Snack Pak 4 Kids is stepping up their game to make sure kids do not go hungry.
Executive Director Dyron Howell said leaving school before a break can be a big stressor for kids, knowing they could face food insecurity.
“There’s five days with no lunch and breakfast consistently, maybe everyday for them,” Howell said. “And so what we do is probably more critical in these times than it maybe is during the school week, just because of the the gap that happens over a break like this.”
Howell said Snack Pak 4 Kids is a part of 50 communities in the Panhandle and this weekend, more than 12,000 kids will take a snack pack home.
Because of their donors, communities, and volunteers, Howell said thousands of kids will not have to worry about where their next meal is coming from.
“This week, we invested over $50,000 just for this week, to make sure our kids have extra,” he said. “And I think what’s what’s important is they see that that bag there, they see that that tote at their school more than once this week. So it’s like, ‘Oh, my goodness, they didn’t forget about us.'”
Snack Pak 4 Kids will host a drive-thru pickup on Friday, March 17th from 11 a.m. to 1 p.m.
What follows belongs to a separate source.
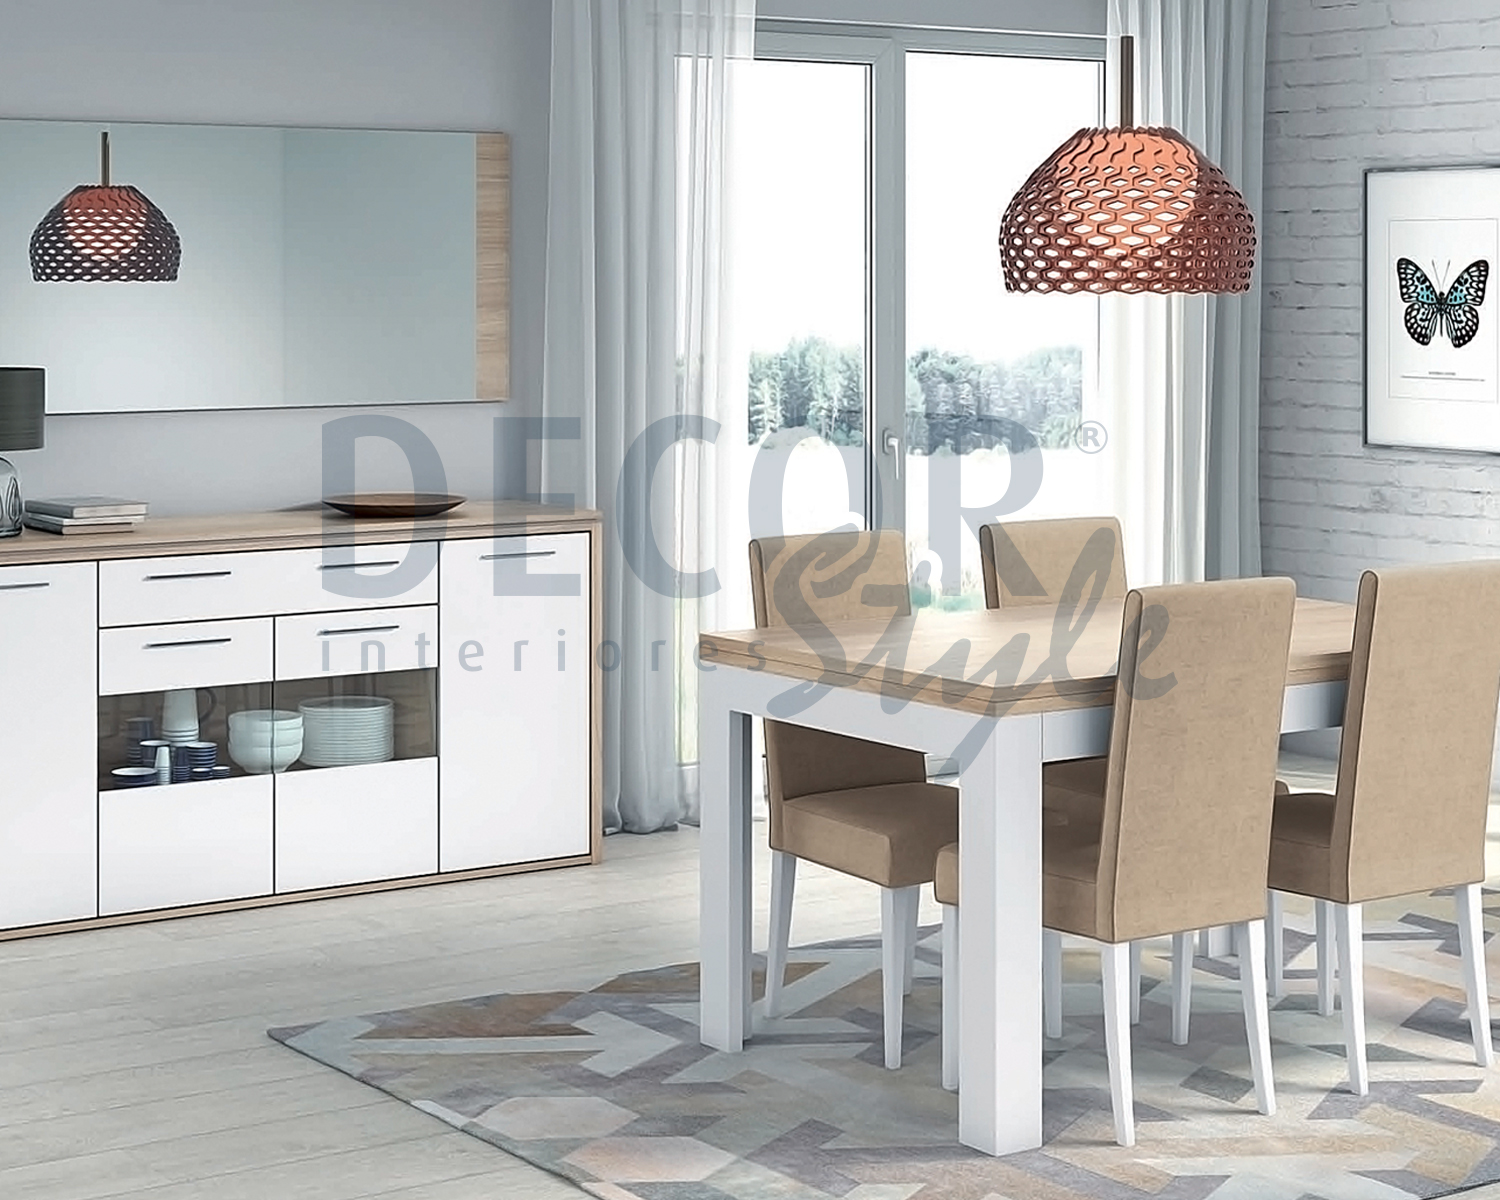 sala de jantar vasco da gama lisboa elegante moderna de linhas simples e direitas minimalista moderno e low cost
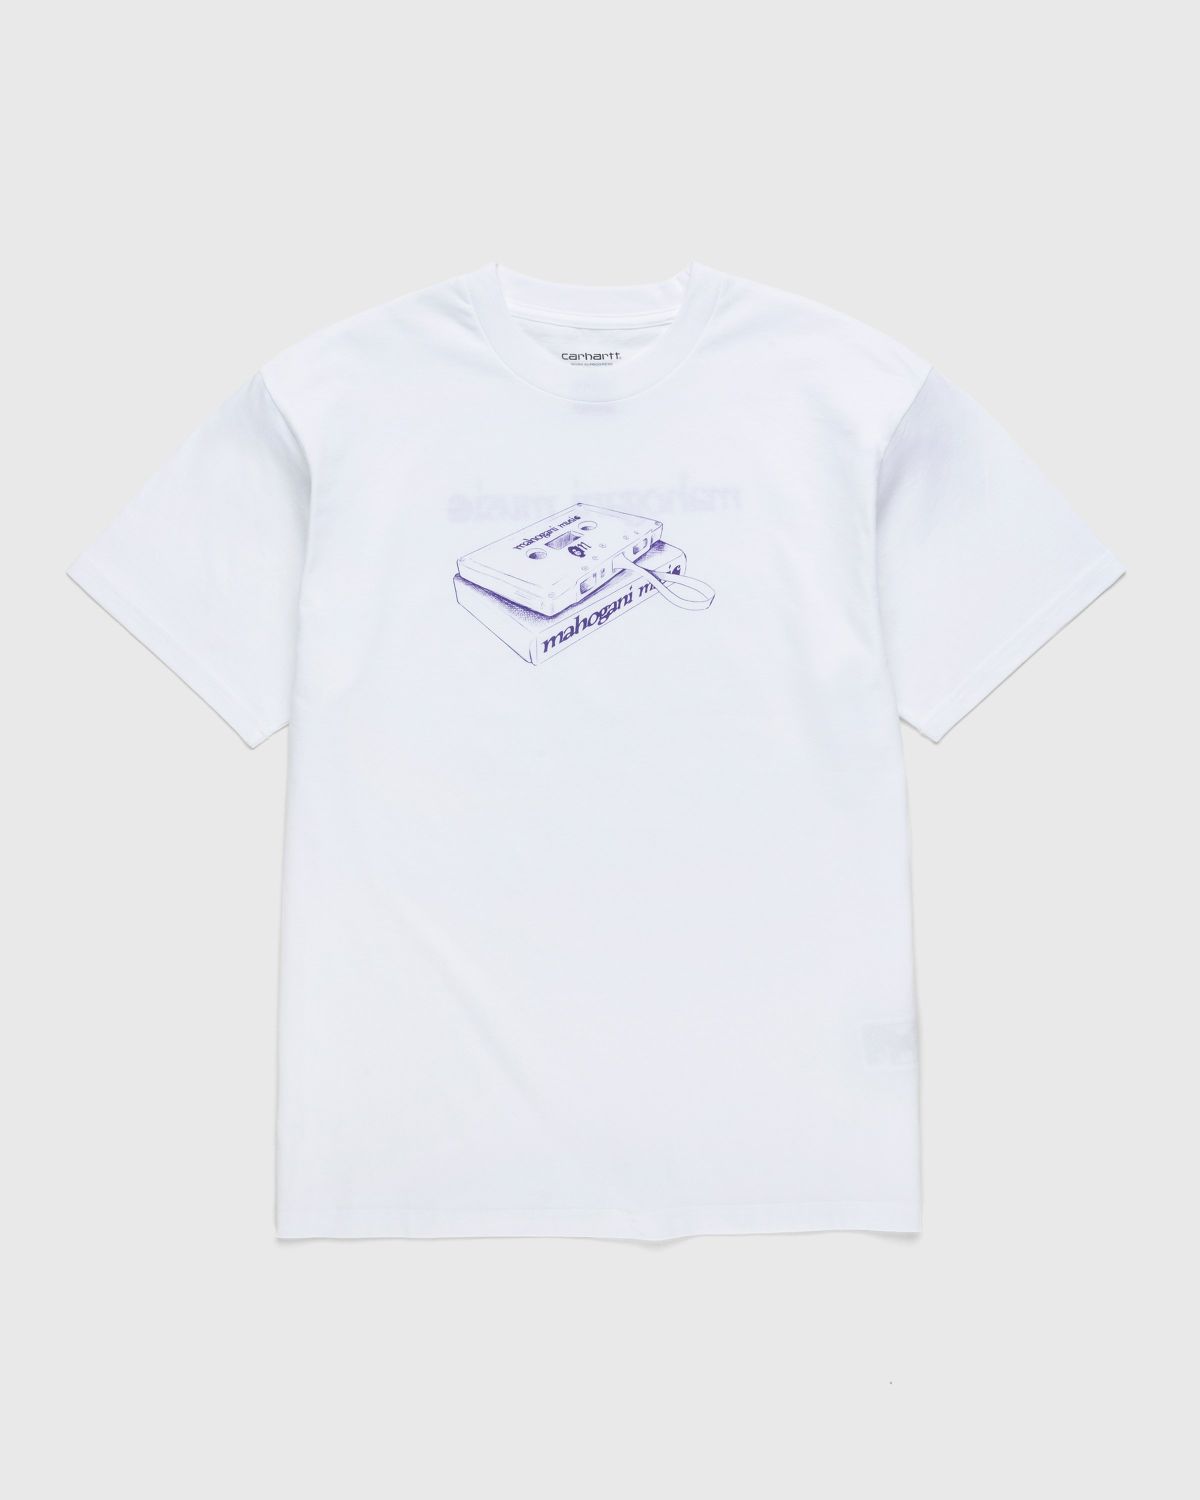 Carhartt WIP – Mahogani Music T-Shirt White/Purple - Tops - White - Image 1

Kids can pick up snack packs at any of these locations:
- Rogers Elementary
- Wills Elementary
- Hamlet Elementary
- Travis Middle
- Humphrey’s Highland
- Power Church
- Caprock High School
The organization exists to end weekend hunger, working with schools as a resource for educators so kids can come back on Monday, and after long breaks, ready to learn.
“I think sometimes we may take for granted, something that seems so simple, yet it has a profound impact on our kids, both in the classroom, just mentally and just taking them potentially out of that survival mode.”
In January, they started a program to help households where grandparents are the primary caretakers called the Tillie Project.
“It is a profound need and we’re seeing a significant response to what we’re doing for our grandparents and I think it takes a lot of pressure off of them,” Howell said. “They’re already got a lot of things on their plate and just knowing that we’re there is a big deal.”